During the shortened 2020 season, Grotz appeared in five games with the Mariners, with no decisions and a 14.73 ERA and four strikeouts in 7 1/3 innings pitched. On September 1, 2020, Grotz was outrighted off of the Mariners' 40-man roster. He did not play in a minor league game due to the cancellation of the minor league season because of the COVID-19 pandemic and became a free agent on November 2.

===Boston Red Sox===
On January 18, 2021, Grotz signed a minor league contract with the Boston Red Sox. He was assigned to the Triple-A Worcester Red Sox and spent time on the injured list until making his season debut on June 11. In eight appearances (one start) with Worcester, Grotz compiled a 9.58 ERA while striking out seven batters in 10 1/3 innings. He did not pitch after July 10, spending the rest of the season on the injured list. He elected free agency following the season on November 7.

===Acereros de Monclova===
On May 27, 2022, Grotz signed with the Acereros de Monclova of the Mexican League. Grotz did not appear in a game for the team during the 2022 season. In 2023, he made 10 appearances (7 starts) and logged a 2–2 record and 4.42 ERA with 29 strikeouts in 38 2/3 innings pitched.

===Kansas City Monarchs===
On August 26, 2023, Grotz was loaned to the Kansas City Monarchs of the American Association of Professional Baseball. In two starts for the Monarchs, Grotz posted a strong 0.82 ERA with 12 strikeouts across 11 innings of work.

===Acereros de Monclova (second stint)===
On October 12, 2023, following the American Association season, Grotz was returned to the Acereros de Monclova of the Mexican League. He made 14 starts for Monclova in 2024, compiling a 7–1 record, 81 strikeouts, and a league–leading 2.35 ERA across 76 2/3 innings pitched.

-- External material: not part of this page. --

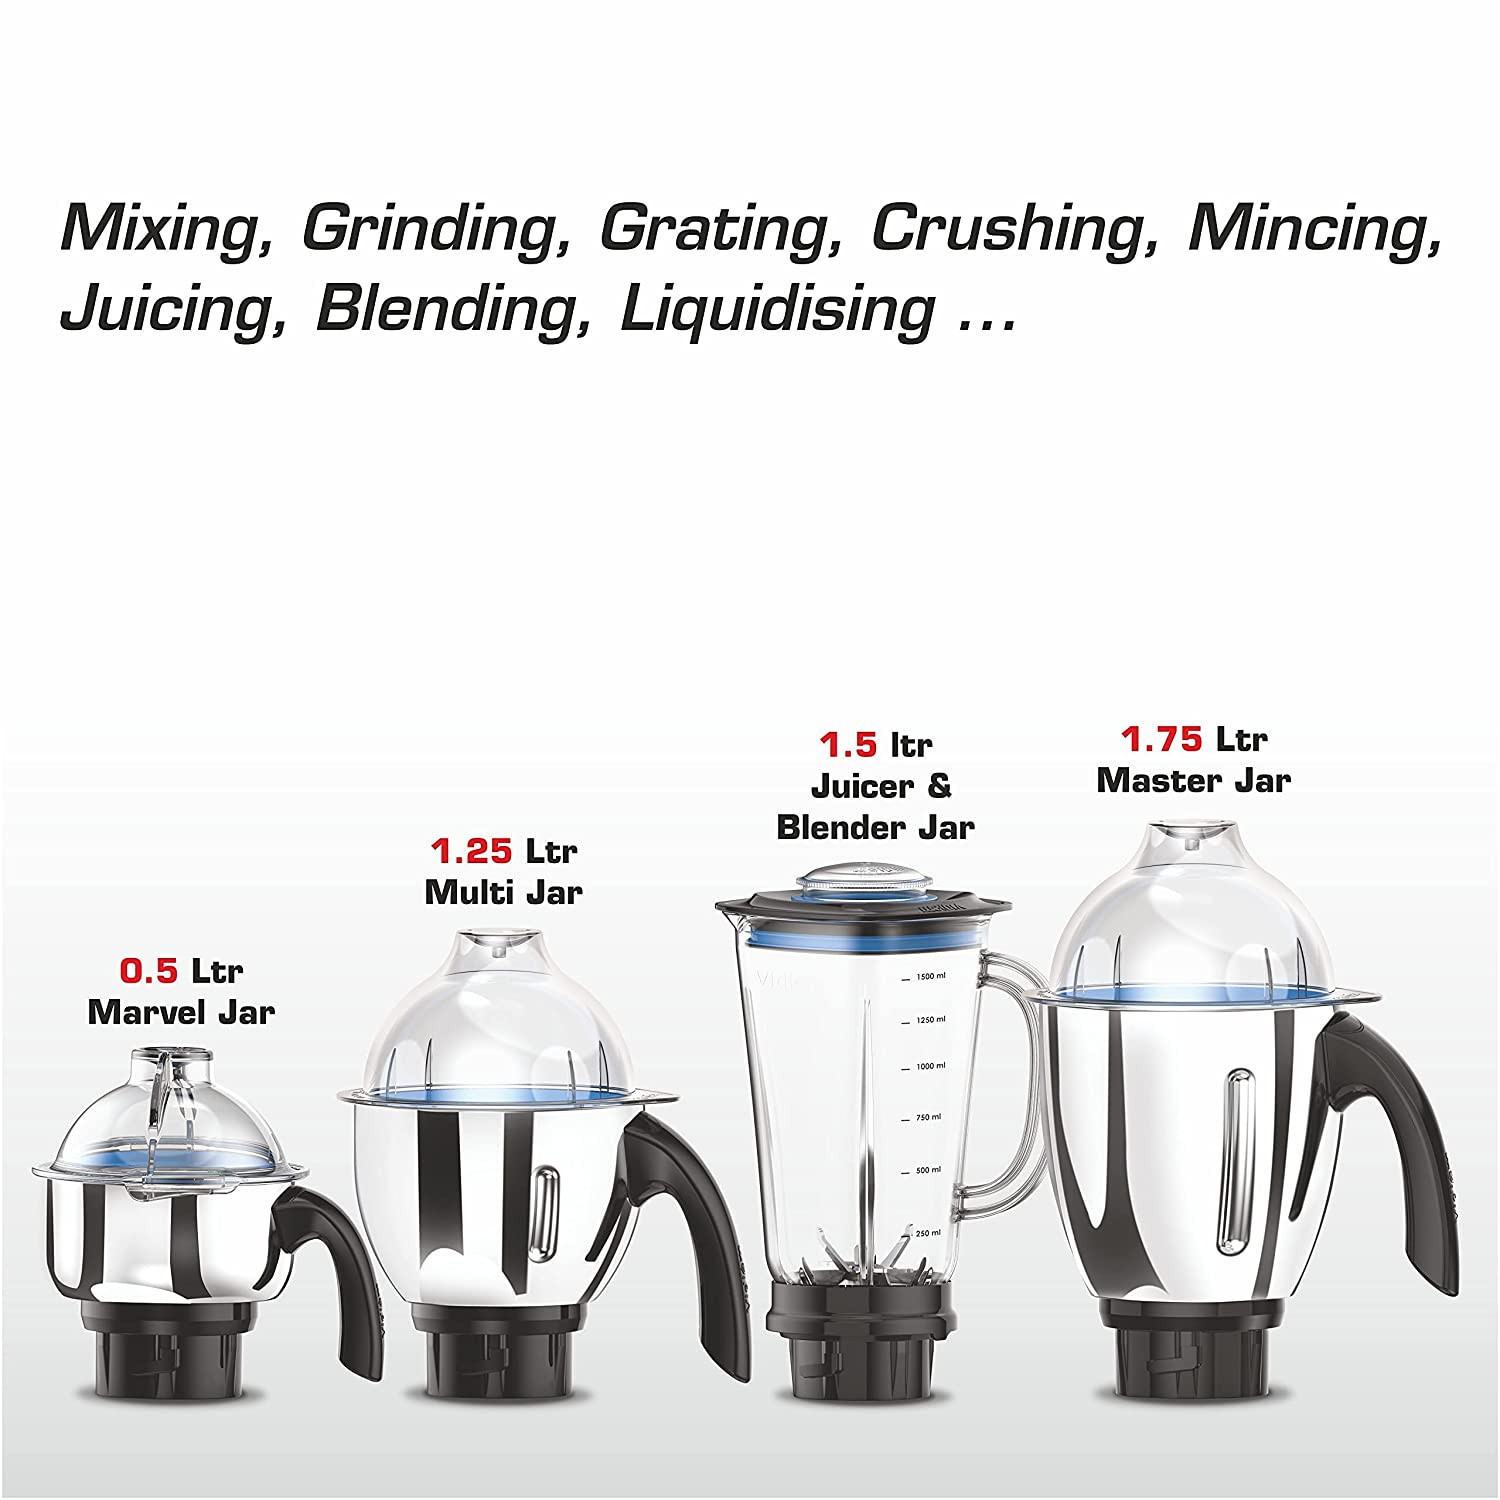 vidiem-tusker-indian-mixer-grinder-blender-food-processor-750w-110v-5-ss-jars-adjustable-vegetable-cutter-dicing-feature-almond-milk-juicer-spice-coffee-grinder-for-usa-canada6
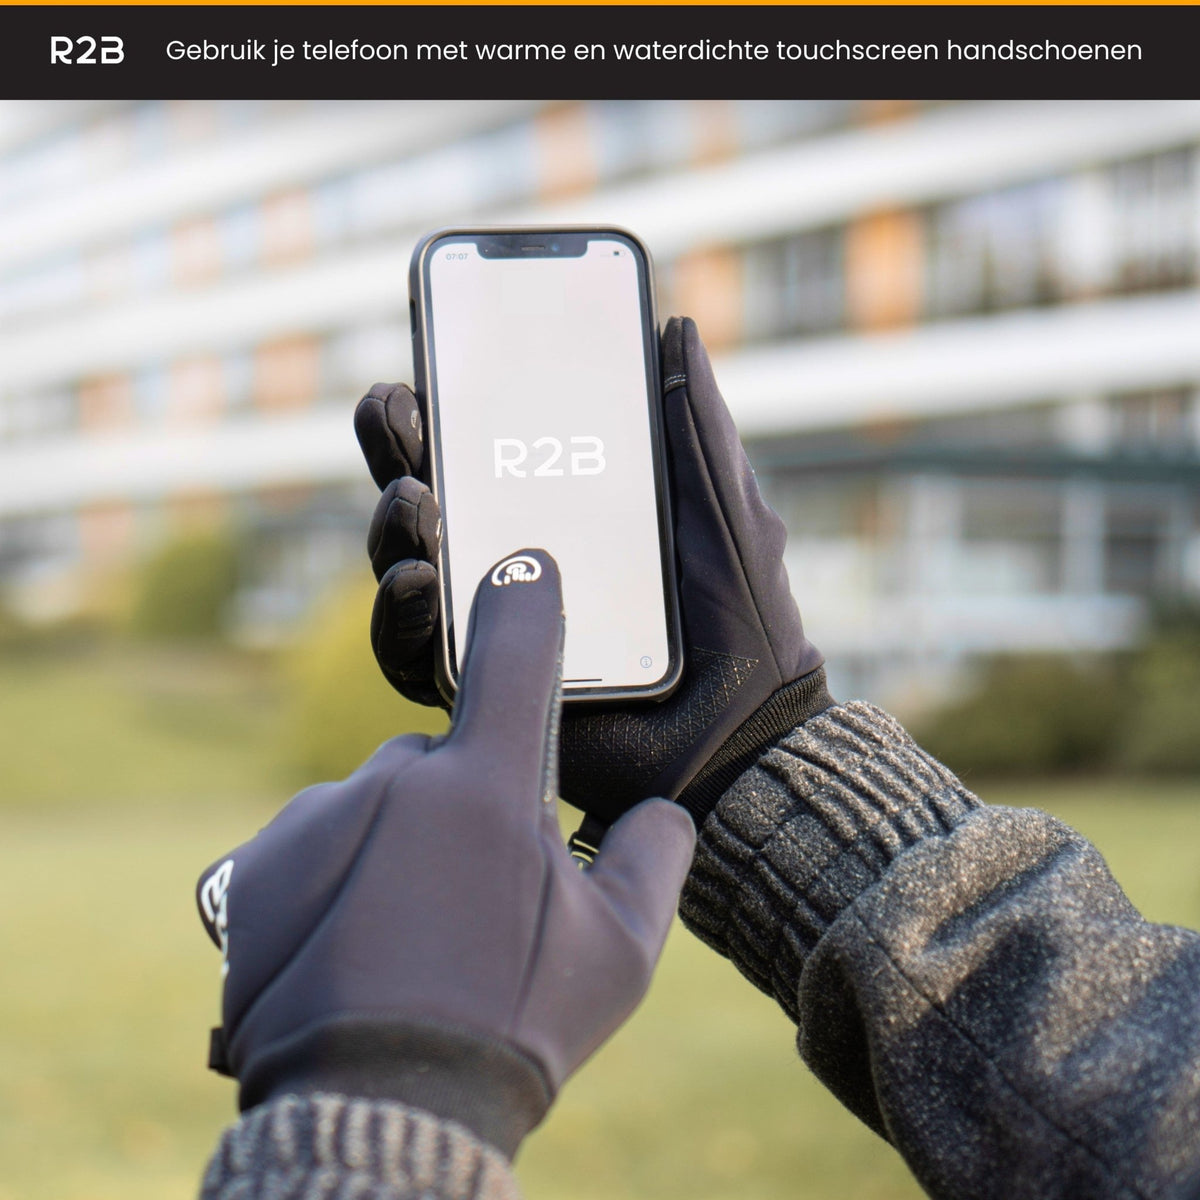 noodsituatie Rauw versus Waterdichte touchscreen handschoenen kopen? Kijk snel bij R2B Store!

===Diablos Rojos del México===
On January 17, 2025, Grotz was traded to the Diablos Rojos del México of the Mexican League in exchange for Steven Moyers. In 12 appearances (10 starts) for México, Grotz logged a 3-5 record and 5.34 ERA with 51 strikeouts across 57 1/3 innings pitched.

===Charros de Jalisco===
On July 1, 2025, Grotz, Trevor Clifton, and Greg Minier were traded to the Charros de Jalisco of the Mexican League. In 6 starts he threw 27.2 innings going 2-1 with a 5.86 ERA and 29 strikeouts.